- Main
Program Synthesis for Systems Biology
- Koksal, Ali Sinan
- Advisor(s): Bodik, Rastislav;
- Yosef, Nir
Abstract
Cell signaling controls basic cellular activities and coordinates cell actions, such as cell differentiation, division and growth. Consequently, errors in cellular signaling are responsible for diseases such as cancer, autoimmunity, and diabetes.
Executable biology describes mechanistic models of biological processes in a formal language that is dynamic and executable by a computer. Models in executable biology are able to capture complex behaviors of biological systems, such as time and concurrency. In addition, discrete modeling enables efficient algorithms to exhaustively explore spaces of models.
This thesis introduces tools to automatically infer executable models at different levels of abstraction from varied types of experimental data. In each case, we investigate identifiability of models when the provided experimental evidence and prior knowledge are varied. We make the following individual contributions:
* TPS:A framework for the automated inference of signed directed graphs modeling protein signaling networks, using time series data.
* SBL: A modeling language embedded in Scala for the automated synthesis of concurrent programs modeling cell fate decision using mutation experiments.
* Karme: A framework for investigating identifiability of asynchronous Boolean network models from single-cell gene expression data.
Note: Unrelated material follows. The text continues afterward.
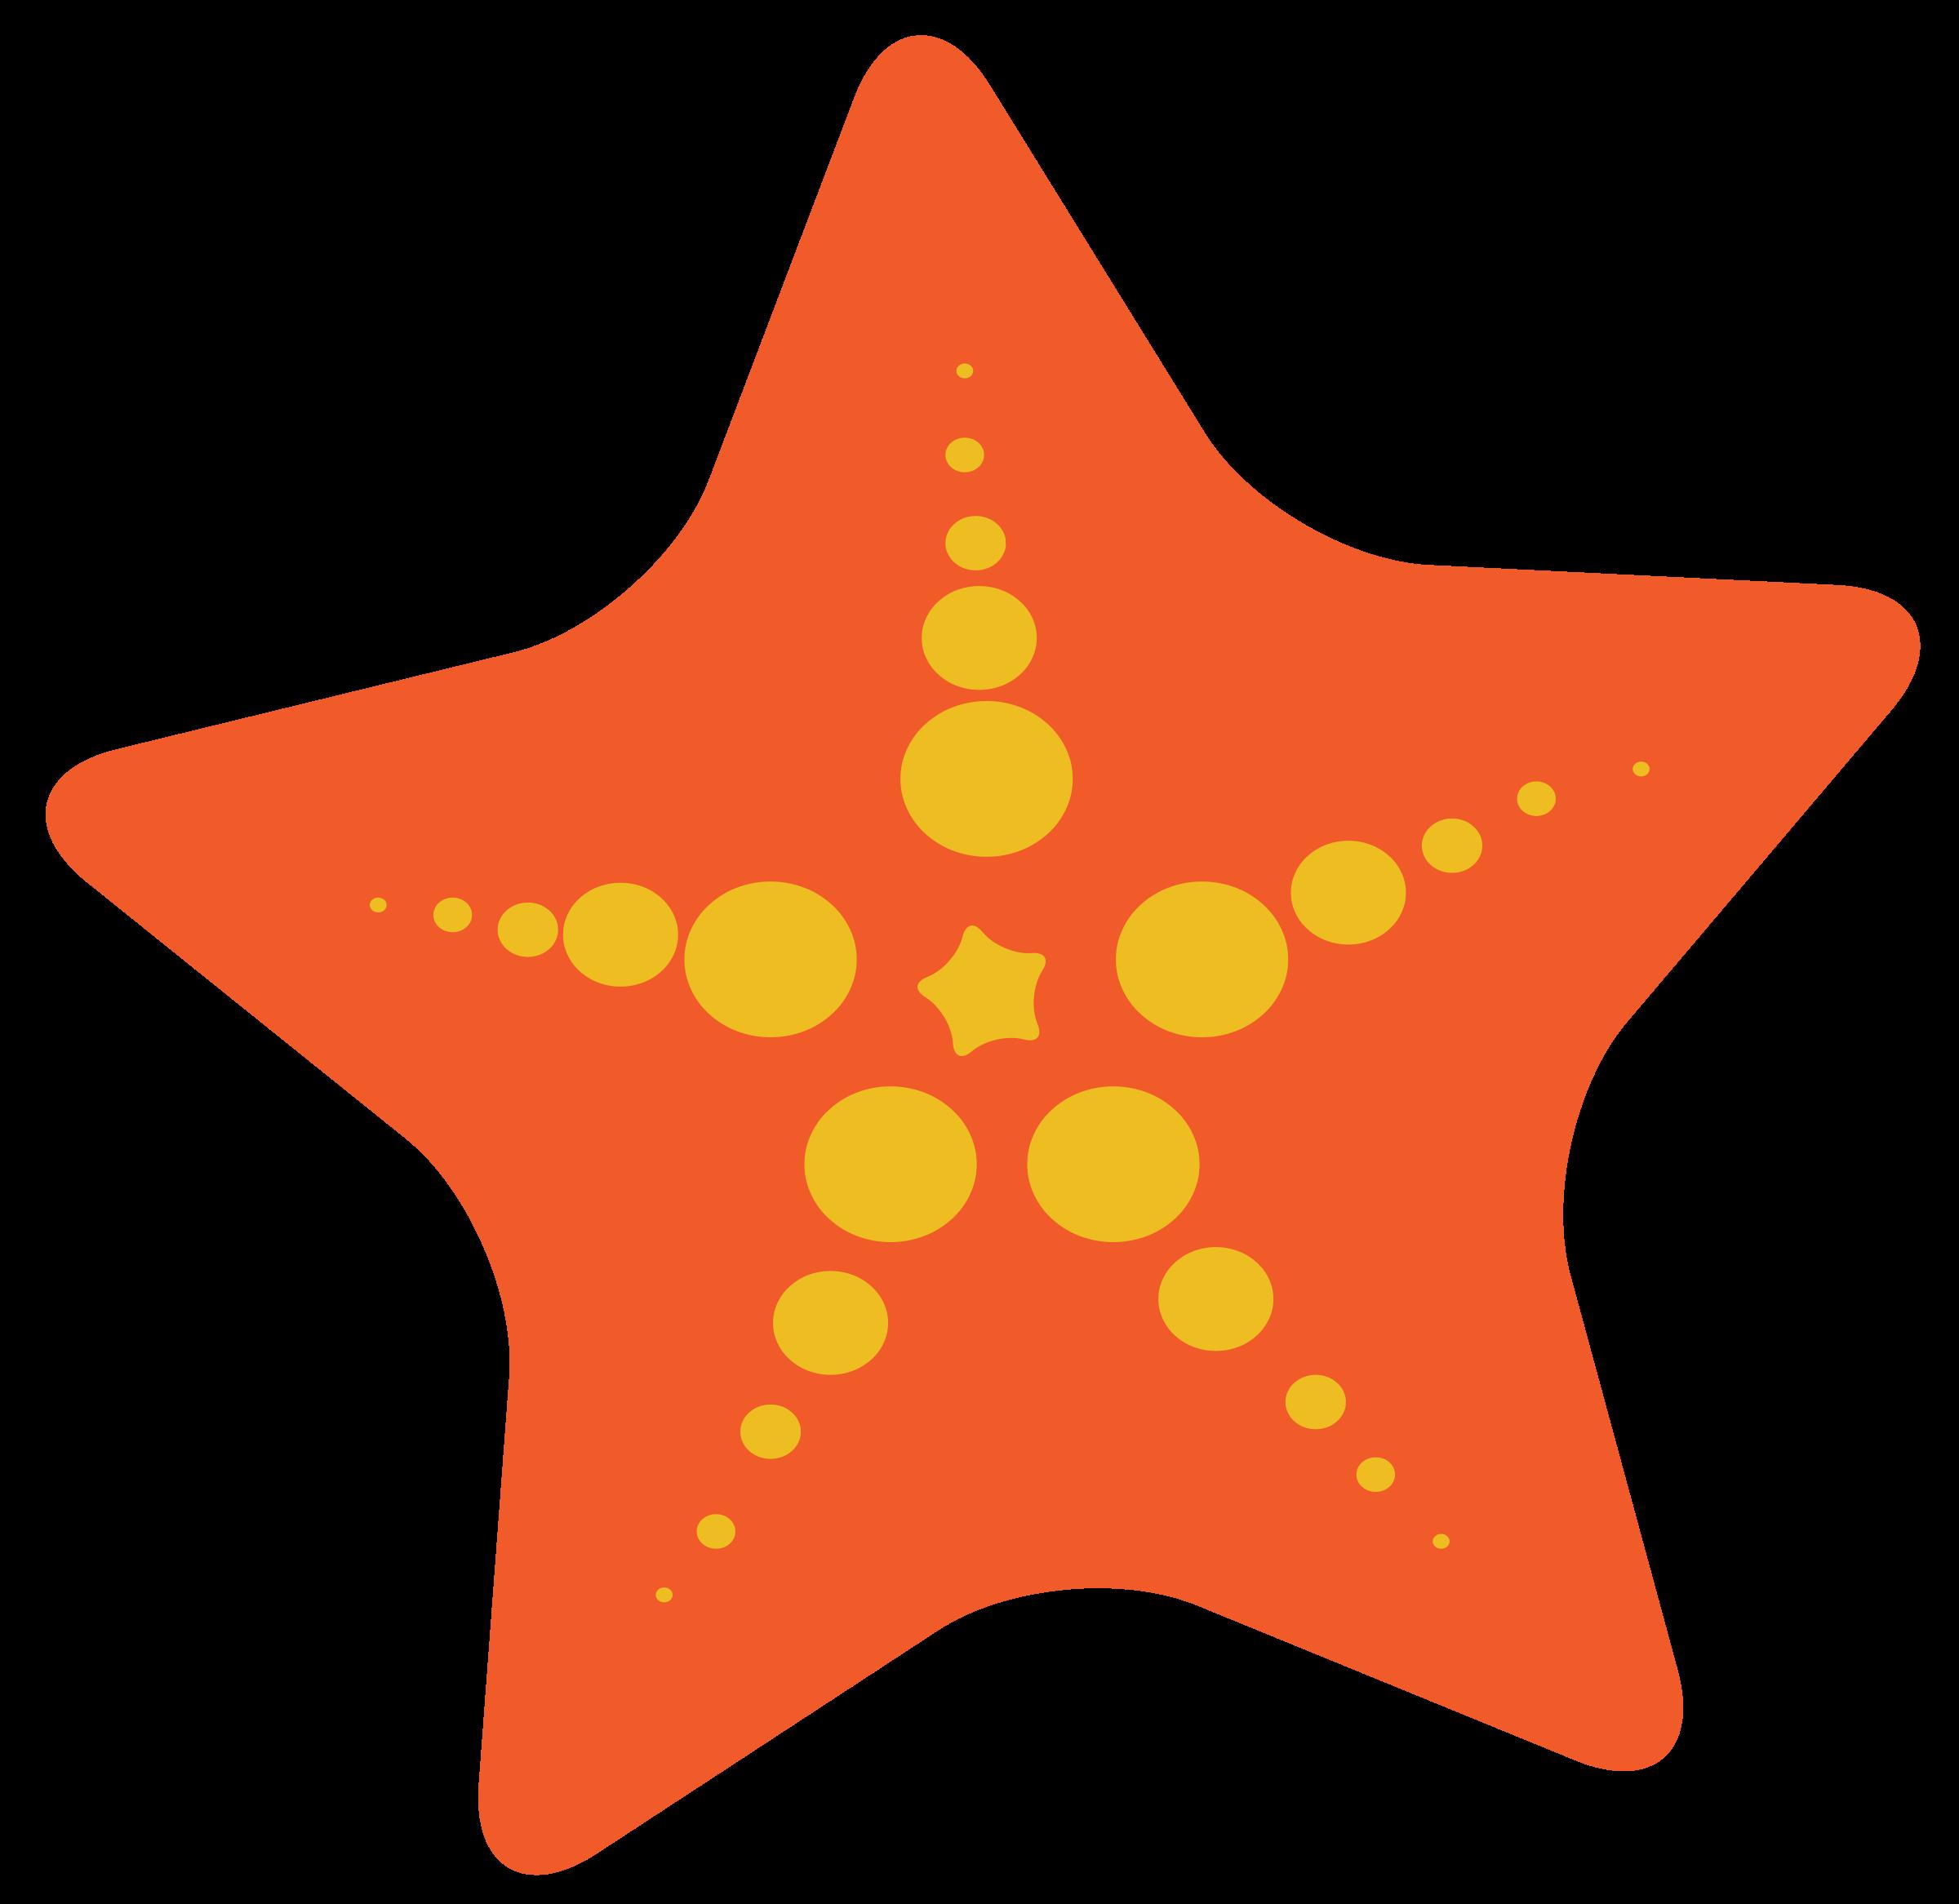 clipart starfish
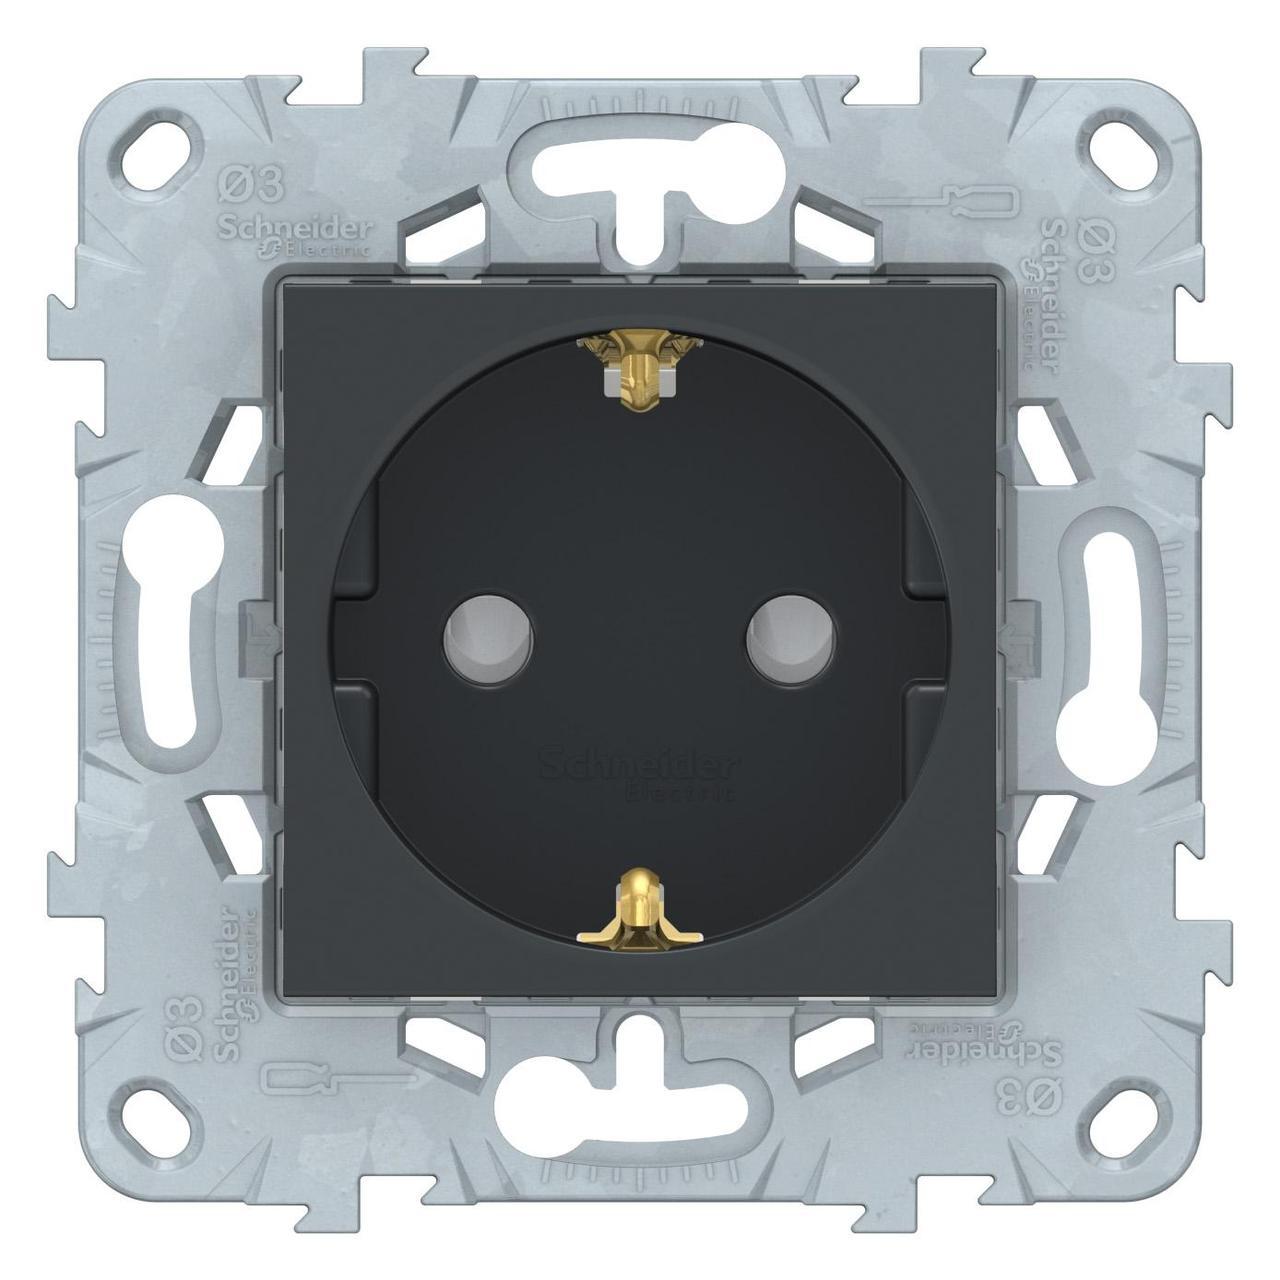 Розетка 1-ая электрическая , с заземлением и защитными шторками (винтовой зажим) , Антрацит, серия Unica New, Schneider Electric

To evaluate our work, we apply our tools to in vivo, in vitro, and in silico data sets on cellular differentiation and protein signaling. We show that, through explicit characterization of ambiguities in input specifications, our approaches make unambiguous predictions supported by experimental evidence, and suggest new experiments that help disambiguate alternative explanations. Applied to epidermal growth factor signaling response data, TPS exhaustively explores all models that are consistent with the input, and makes predictions that are unambiguous across the model space. These predictions are supported by further experimental validation. Using SBL, we synthesize valid models of cell fate decision in C. elegans vulval precursor cells, fixing a bug in previous modeling. We show the existence of internally different models that are behaviorally equivalent under all mutation experiments. One of the inferred models expresses a previously unknown biological hypothesis. Finally, we use Karme to synthesize models of myeloid cell differentiation from simulated noisy single-cell data, and demonstrate that experimental design can reveal key genes in the system.